Аврамов покраснел, застигнутый врасплох этим вопросом, и раскрыл было рот, чтобы что-то сказать, хотя бы наобум — ведь он вовсе не собирался говорить сам, а хотел только слушать. Однако Жорж вывел его из тяжелого положения, ибо новый поток мыслей хлынул в его разгоряченную голову, и он снова начал говорить, только перенес свои нападки на другие области болгарской жизни. Но фразы его теперь уже звучали устало, мысли обрывались, становились бессвязными, а пылавшую в его груди ненависть ко всему дурному и пошлому он выражал уже без всякого воодушевления… Беседа, вернее, монолог Жоржа, быстро увядала, теряла живость… И вот он положил конец своему красноречию откровенным зевком и встал, чтобы расплатиться. Тут ему снова пришлось поспорить, теперь уже — с Аврамовым; но Жорж и на этот раз одержал победу.
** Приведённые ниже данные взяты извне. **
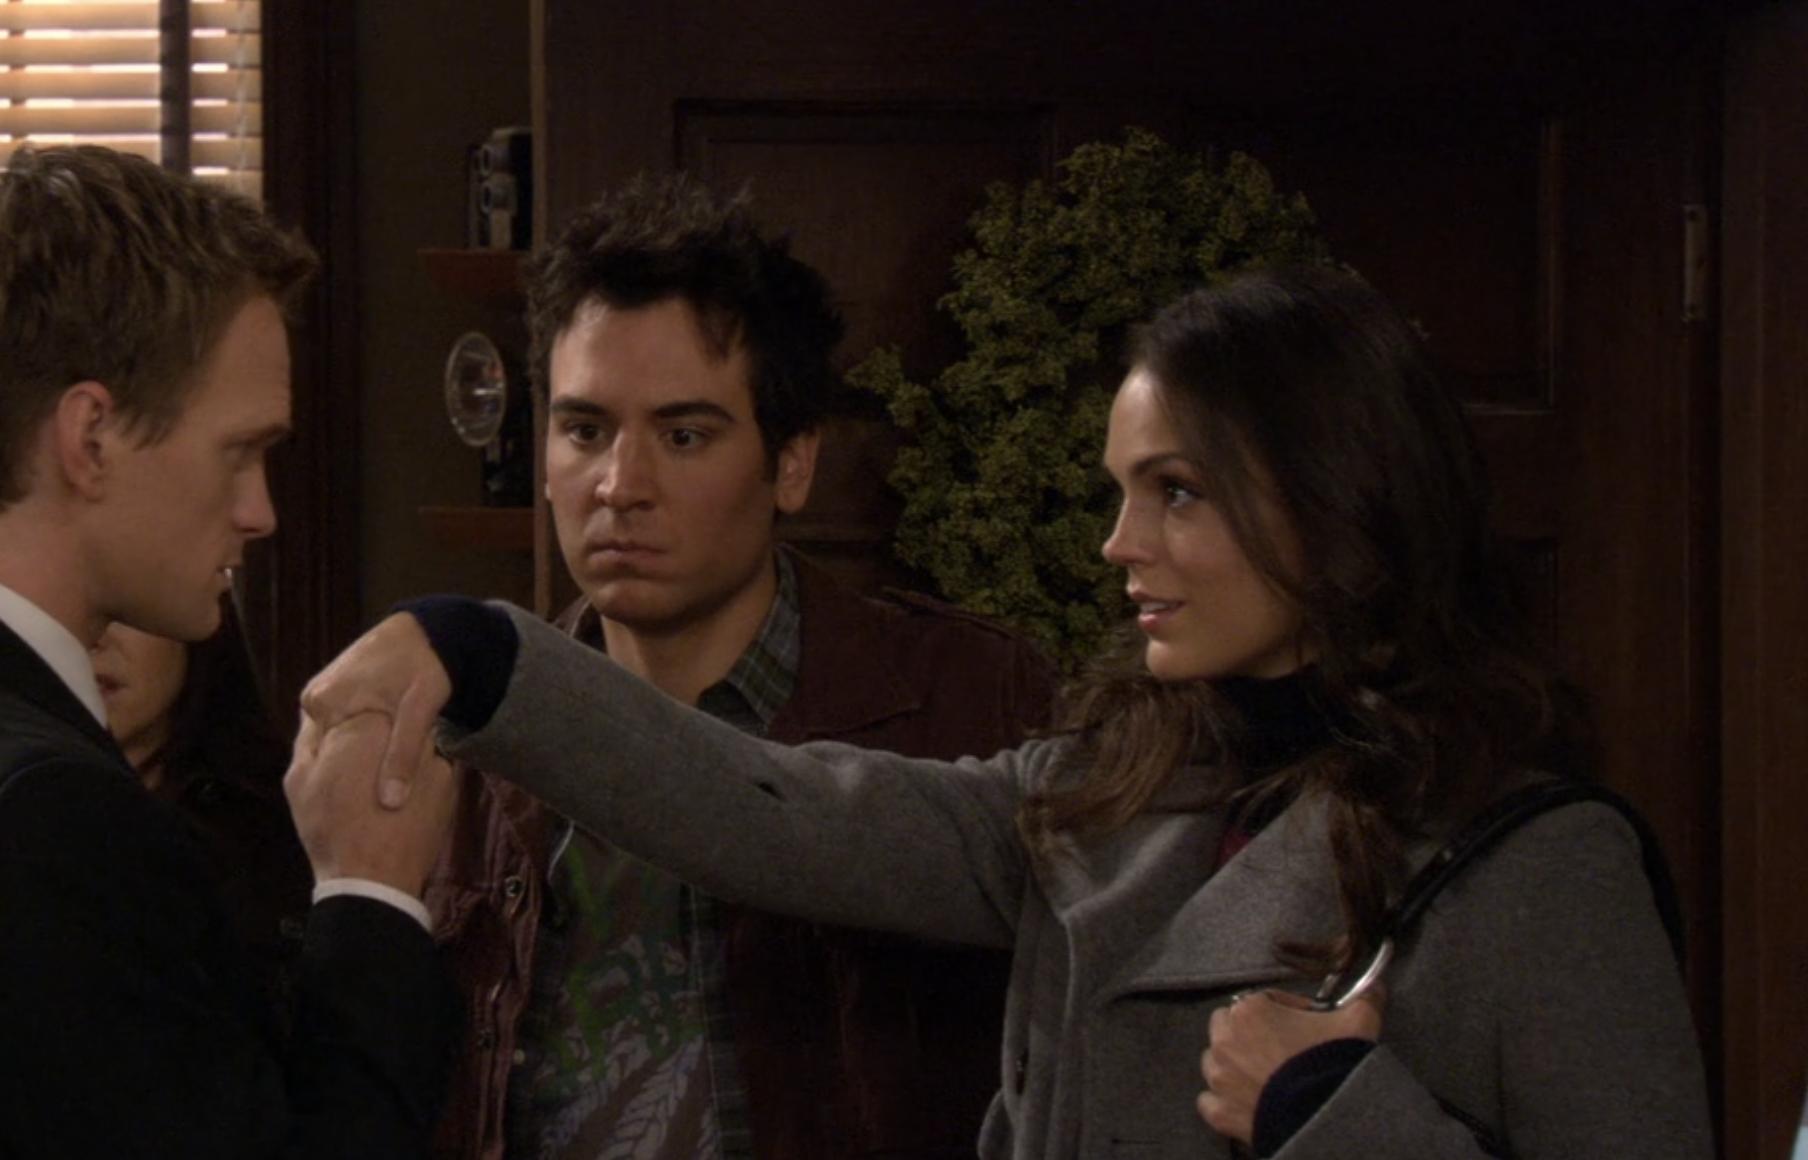 Barney kissing Heather's hand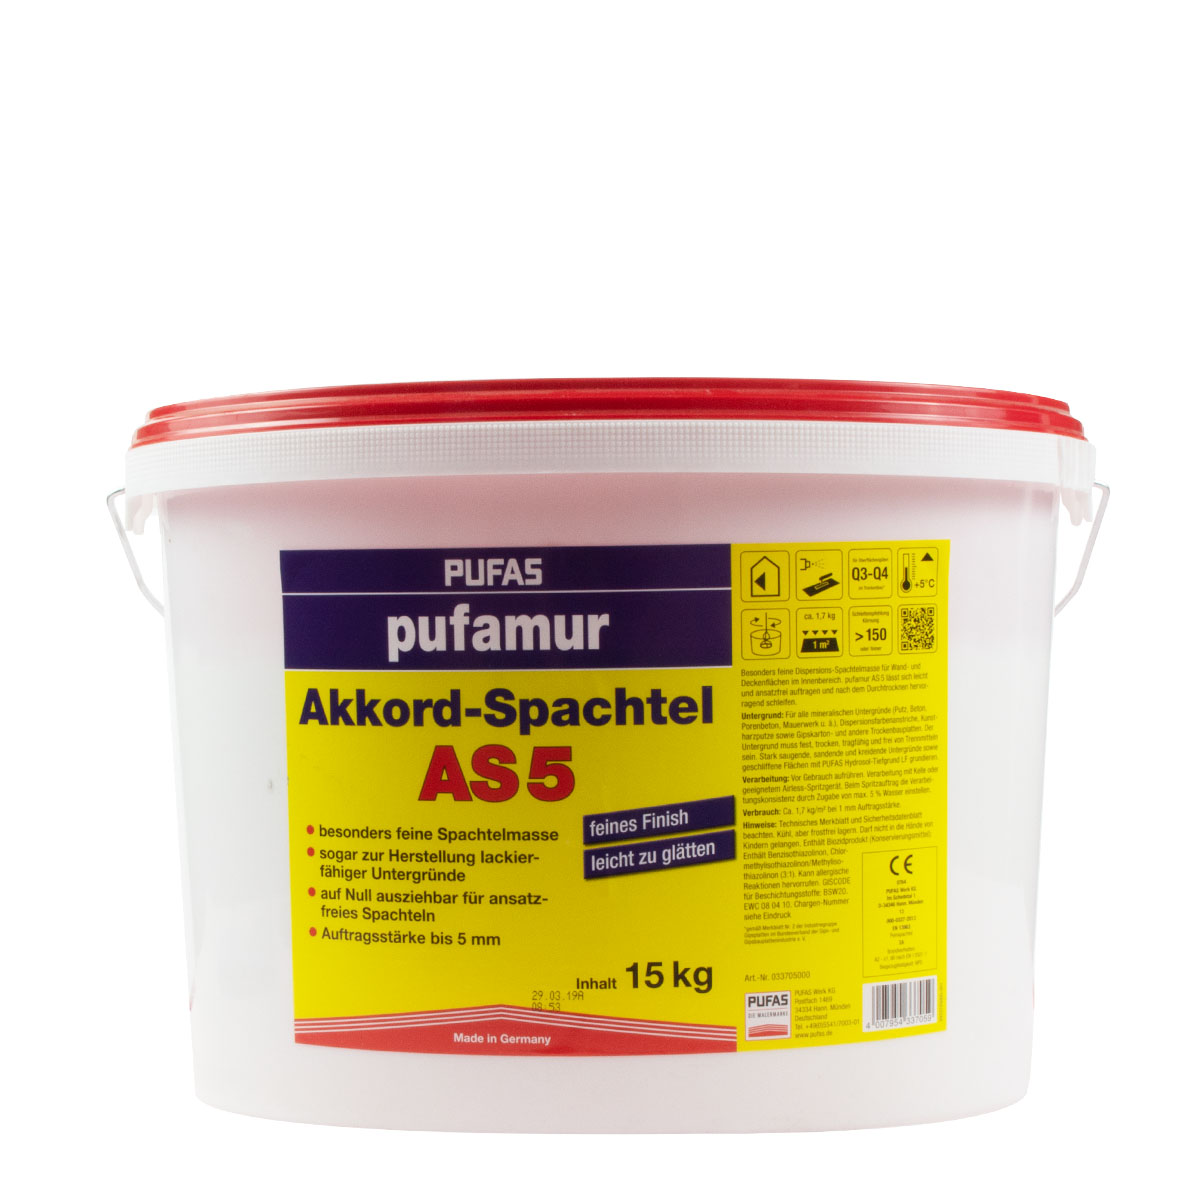 Pufas Pufamur Akkordspachtel AS5 15Kg gebrauchsfertiger Kunstharzspachtel

Когда собутыльники вышли из «Красного рака», на улице уж совсем стемнело. Холодно было по-прежнему, но ветер стих и сыпался мягкий снежок. Несколько минут спутники шли молча, находясь под впечатлением чувств и мыслей, которые пробудила в их душе беседа в пивной. Аврамов все еще был взволнован; перед ним открылись новые горизонты; сейчас он другими глазами смотрел на все то, что еще сегодня приводило его в восторг. Вот что значит бросить свое уютное провинциальное гнездышко и развлекаться в столице, думал он… Тут встречаешься с такими людьми, как Жорж, с людьми просвещенными, которые умеют судить и критически относиться ко всему тому, что отличается лишь внешним лоском. Золотые слова сказал Жорж. И он еще больше возвысился в глазах Аврамова… Вскоре оба они исчезли из виду на погруженной во мрак Александровской площади перед дворцом.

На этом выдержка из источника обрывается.